**THE PROBLEM:**
Wherever a picture appears in the listing, leave it out, and copy the rest exactly.
STORED DATA START
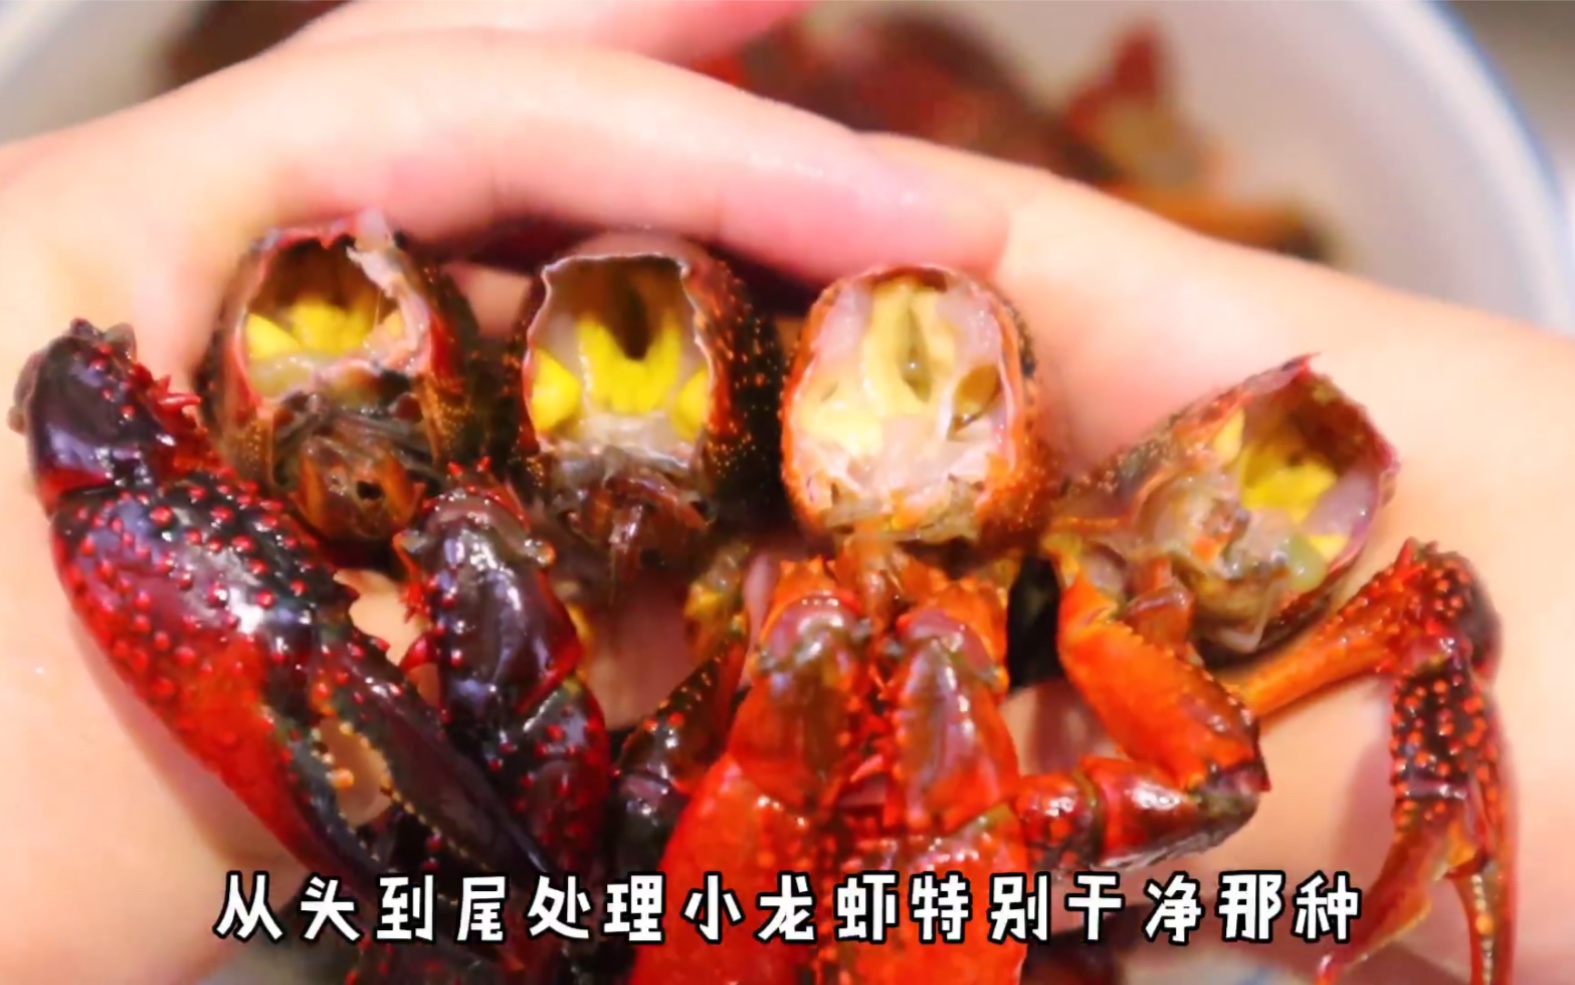 图解新式口味《泡菜小龙虾》的正宗做法 - 知乎
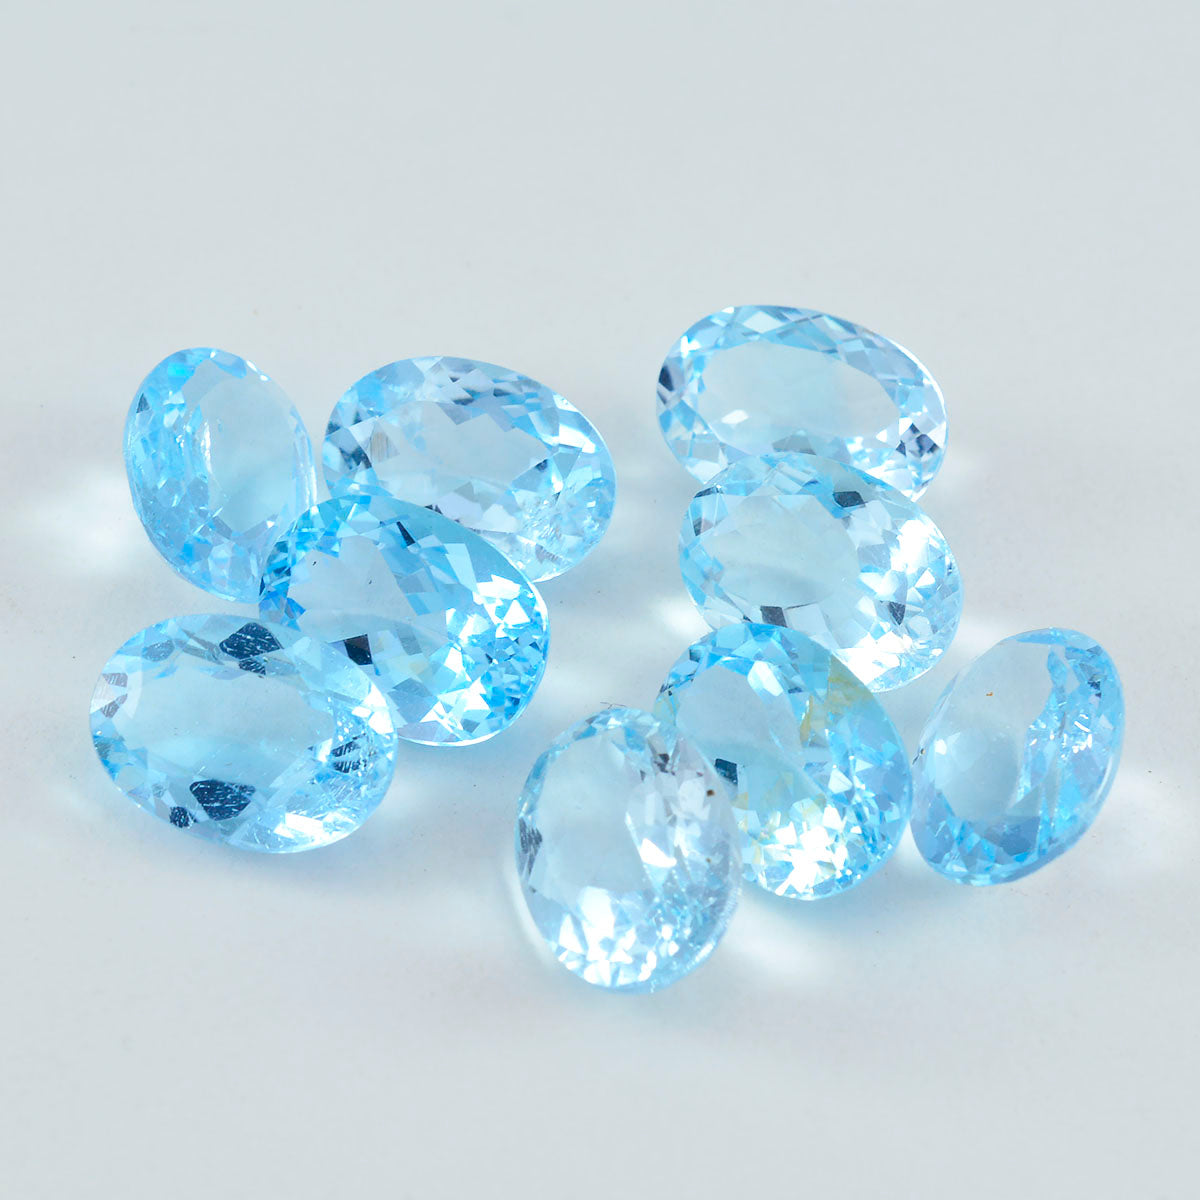 Riyogems 1 Stück echter blauer Topas, facettiert, 8 x 10 mm, ovale Form, schöne Qualität, lose Edelsteine
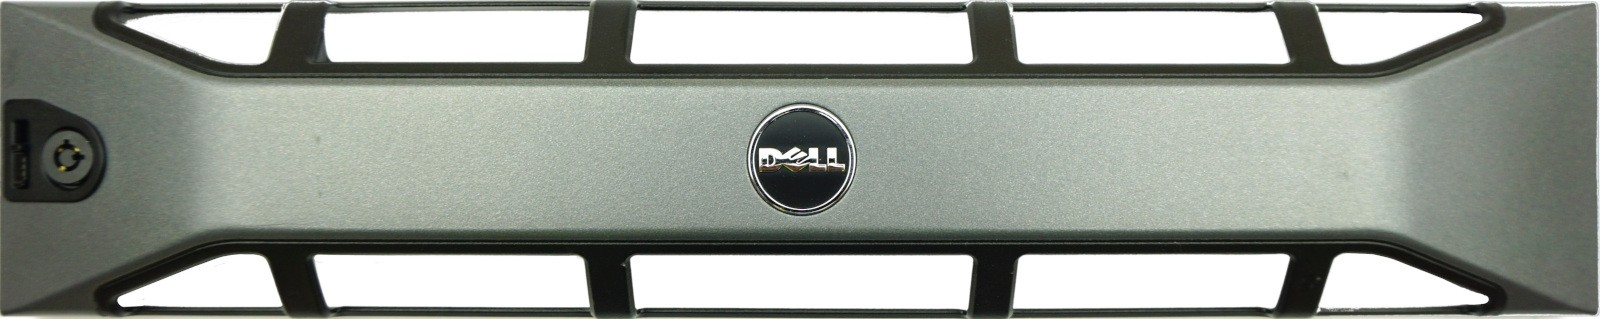 Dell PowerEdge R710, R715, R810, R815 Front Bezel No Key
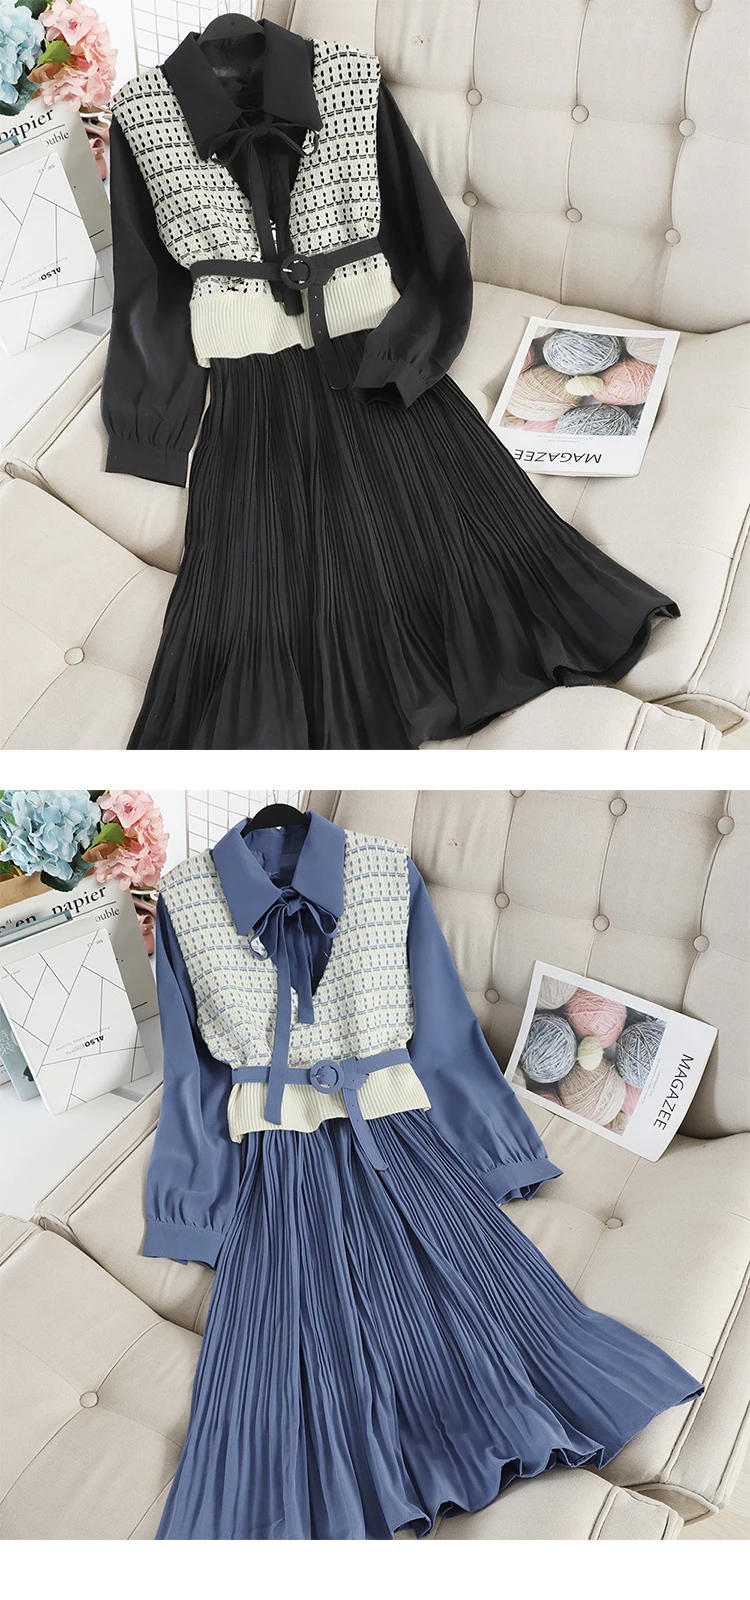 SINGRAIN женское длинное Плиссированное Платье-рубашка+ вязаный свитер с принтом корейское романтическое элегантное осеннее шифоновое платье трапециевидной формы из двух частей
STORED DATA END
**RESULT:**
 图解新式口味《泡菜小龙虾》的正宗做法 - 知乎
 Riyogems 1 Stück echter blauer Topas, facettiert, 8 x 10 mm, ovale Form, schöne Qualität, lose Edelsteine
 Dell PowerEdge R710, R715, R810, R815 Front Bezel No Key
 SINGRAIN женское длинное Плиссированное Платье-рубашка+ вязаный свитер с принтом корейское романтическое элегантное осеннее шифоновое платье трапециевидной формы из двух частей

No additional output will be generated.